In Illinois, sellers are obligated to disclose known defects and problems with a property.
This law is in place to protect buyers from purchasing homes with serious defects unbeknownst to them, as well as the seller from becoming liable for known defects after the home is sold. It is also necessary to assure that the parties had the correct information in front of them when deciding on the purchase/sale price.
However, in the case of buying a home out of probate from an estate sale, the people involved in the sale may never have lived or even stepped foot in the home. As a result, there is no one living who knows of any defects. Additionally, there might also be issues with the heirs, depending on who is managing the estate. It could be a Trustee, a successor Trustee, an Executor, a single heir or group of heirs.
Here we look at each of these roles and how a real estate attorney helps ensure a smooth sale.
What is a Successor Trustee?
A Trustee has title to trust assets but does not own those assets.
A trust is a legal entity managed by a Trustee which is responsible for administering that trust based on the terms of the will. Besides acting as a fiduciary, their role is to ensure the heirs benefit from proper management. If, for some reason, the Trustee is unable to fulfill their duties because they are deceased, incapacitated, or for other reasons, a successor Trustee must be assigned to step in. This can be a person or institution.
Regardless of whether it is a Trustee or successor Trustee, they have a fiduciary duty to adhere to the terms of the trust.
What is a Successor Executor?
An Executor of an estate is the person named in a will to represent the deceased during probate or independent administration when the deceased person’s property is distributed. As with a successor Trustee, if the Executor is unable to fulfill their duties, a successor Executor steps in.
How are Successors Assigned?
Successors are assigned either by the decedent in their wills, by a court, or in some cases by the heirs/beneficiaries of the will.
Risks of Buying a Home Subject to Probate
Although your clients can often find a bargain when purchasing a property out of probate, a good inspector, insurance agent, and the real estate attorney are critical to the due diligence regarding the condition of the property.
Because the current owners might not be aware of issues—and therefore have no obligation to disclose problems—buyers can’t bring a suit for failure to properly disclose against a Trustee or Executory who was unaware of the condition of the property.
It is critical, therefore, that the inspection be as thorough as possible, that the insurance agent pull a C.L.U.E (Comprehensive Loss Underwriting Exchange) report to determine prior claims and that the attorney check things like public notices about building code violations or building permits that had been pulled. More than once, I have seen a finished basement flood because the walls covered cracks in the foundation hidden behind the renovations. If the Trustee or Executor has no knowledge, and the inspector does not uncover a problem, the only solution for the buyer is to make an insurance claim.

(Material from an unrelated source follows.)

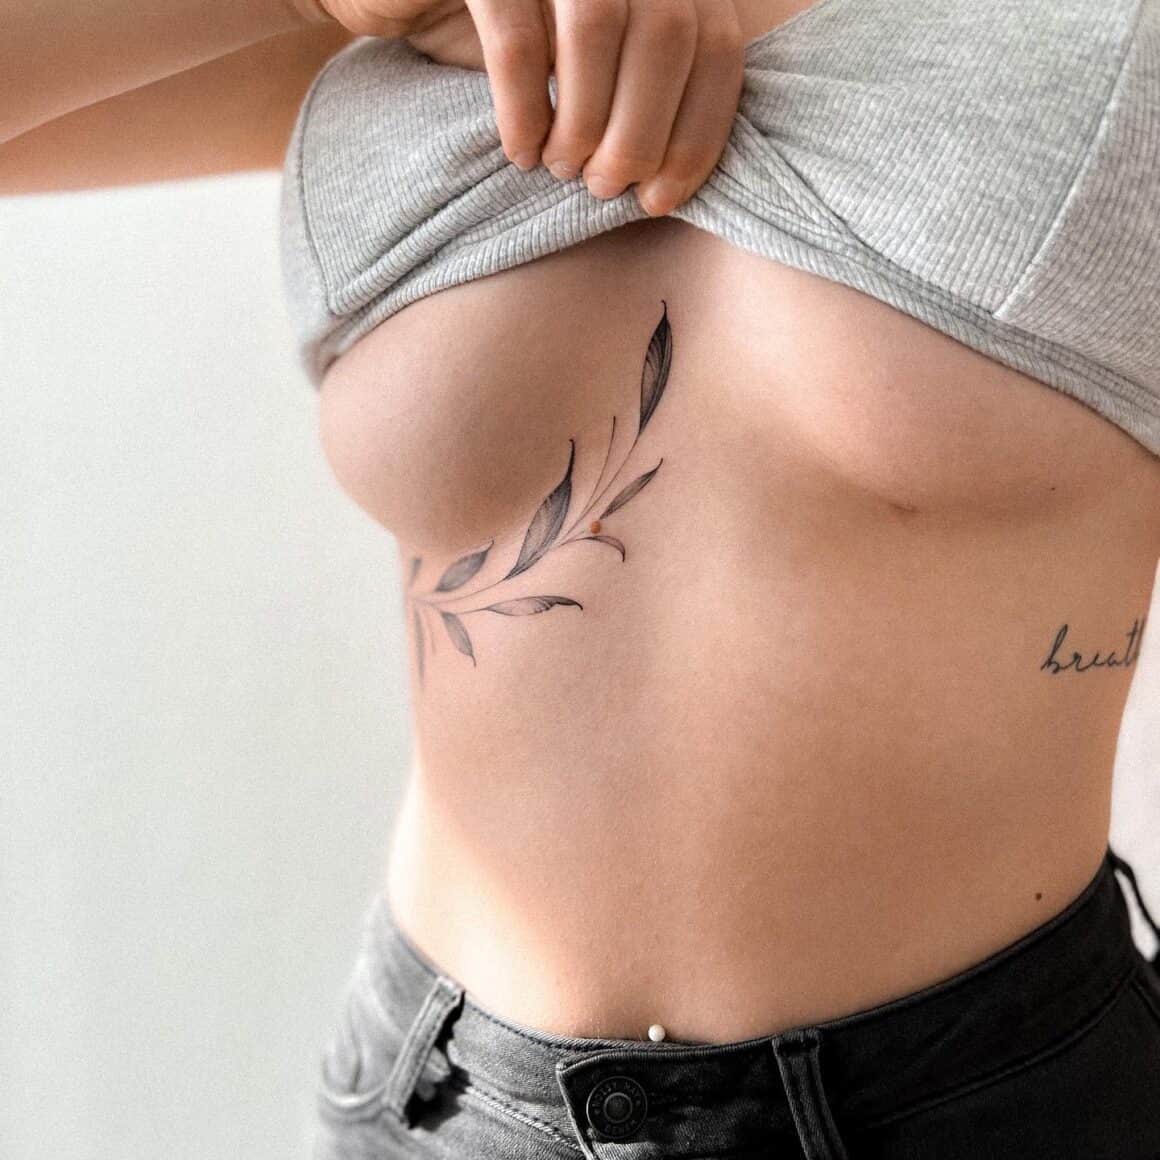 Here's What You Need To Know About Under-Boob Tattoos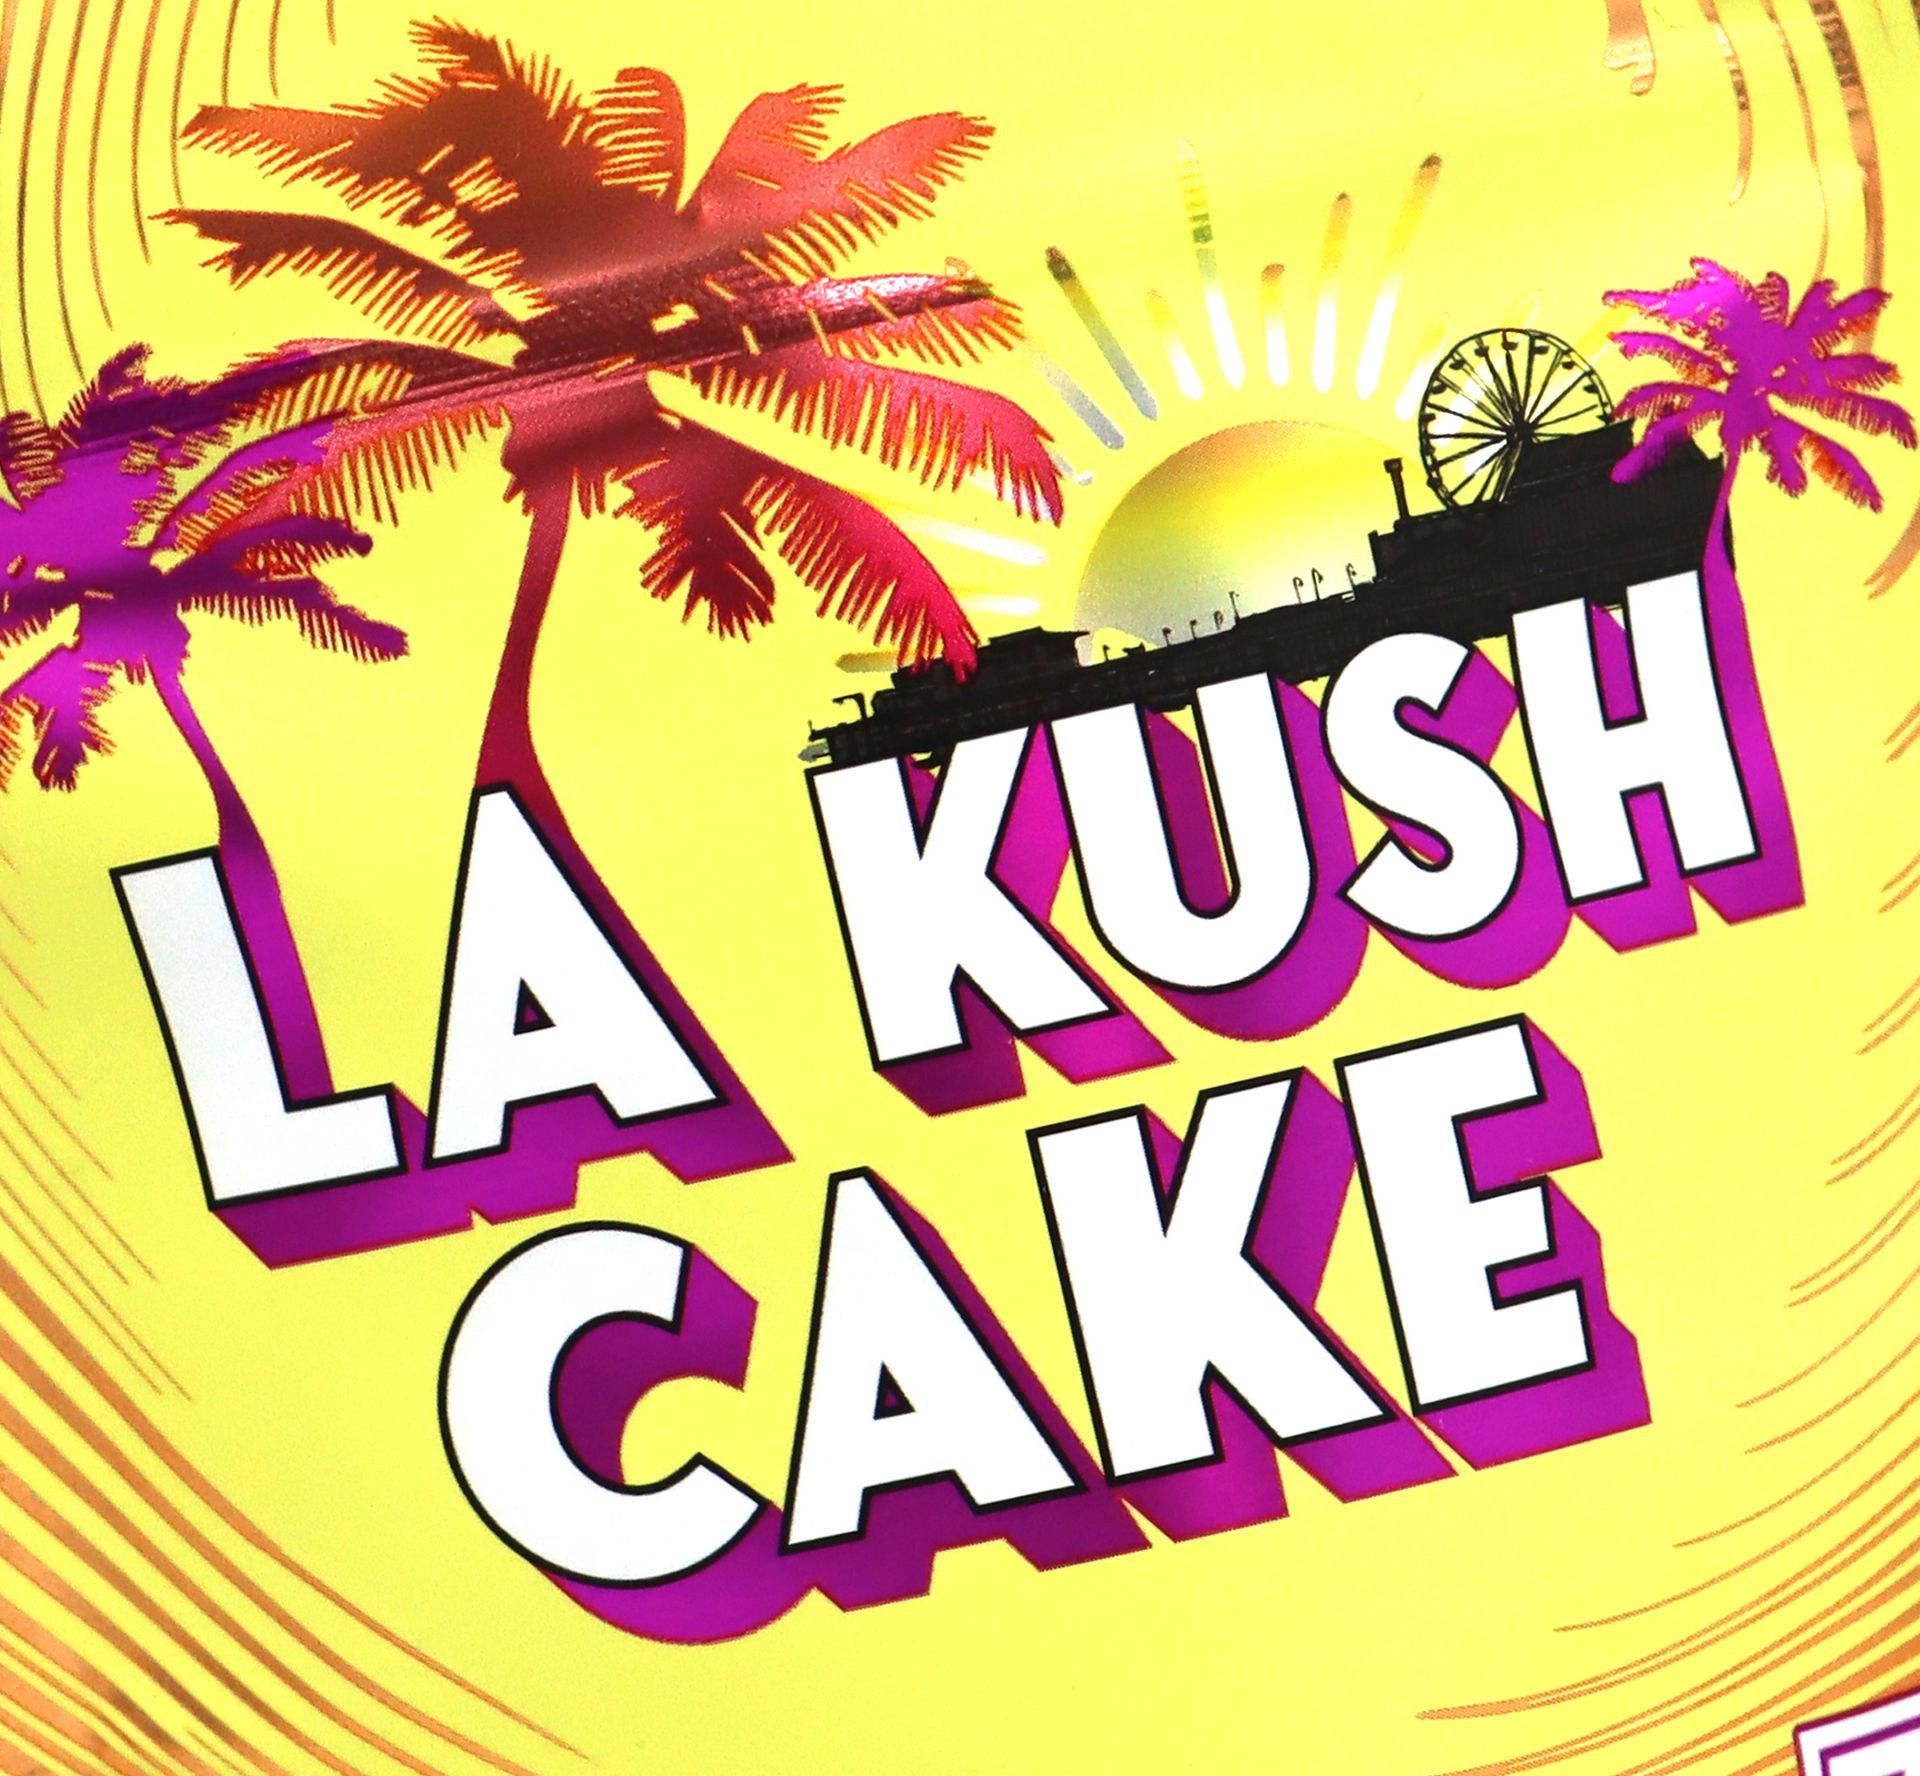 closeup of packaging graphic for la kush cake

A real estate lawyer can research any potential issues with the property so that the buyer can have a sense of the repair costs they may be facing and be sure that those costs are factored into the purchase price of the property.
Property Heirship and Buying a Decedent Property
One final concern is the heirship of the person who passed away.
There are a number of possible means of dealing with property of a decedent:
- Probating a Will
- Deeding out from a Trust
- Providing an Affidavit of Heirship
- Use of a Transfer on Death Instrument
- Transfer by a joint tenant. Because the seller’s attorney usually has to clear the title issues related to how a decedent’s property is to transfer, it is incumbent on the attorney to know how the property will be transferred.
But it is also important that the Buyer’s attorney know how title is being transferred. The fact that the owner of the property is deceased and the fact that the party or entity selling the property did not reside in the property does not necessarily mean that they have no knowledge of the condition of the property. Consider whether the seller is a child who would have visited Mom during her decline. If a C.L.U.E report indicates substantial payment for water damage, is it likely that the family member who is now the seller of the property knew that there were tens of thousands of dollars in repairs that were completed?
The problem with Failure to Disclose litigation is that the buyer has to prove that the seller had knowledge. In addition, most estate sales are “as is”, which means the buyer either accepts the condition of the property or terminates the contract (unless the brokers can negotiate a better price). This is where leveraging a real estate attorney is critical because a good Attorney Review letter can dig deeper than the Disclosure Report may by asking questions about knowledge of past problems and is critical to assuring that the buyer is made aware of past damage so as to properly evaluate their purchase.
Sorting out the details of estate property purchases falls in the purview of experienced real estate attorneys. Your clients should leave nothing to chance.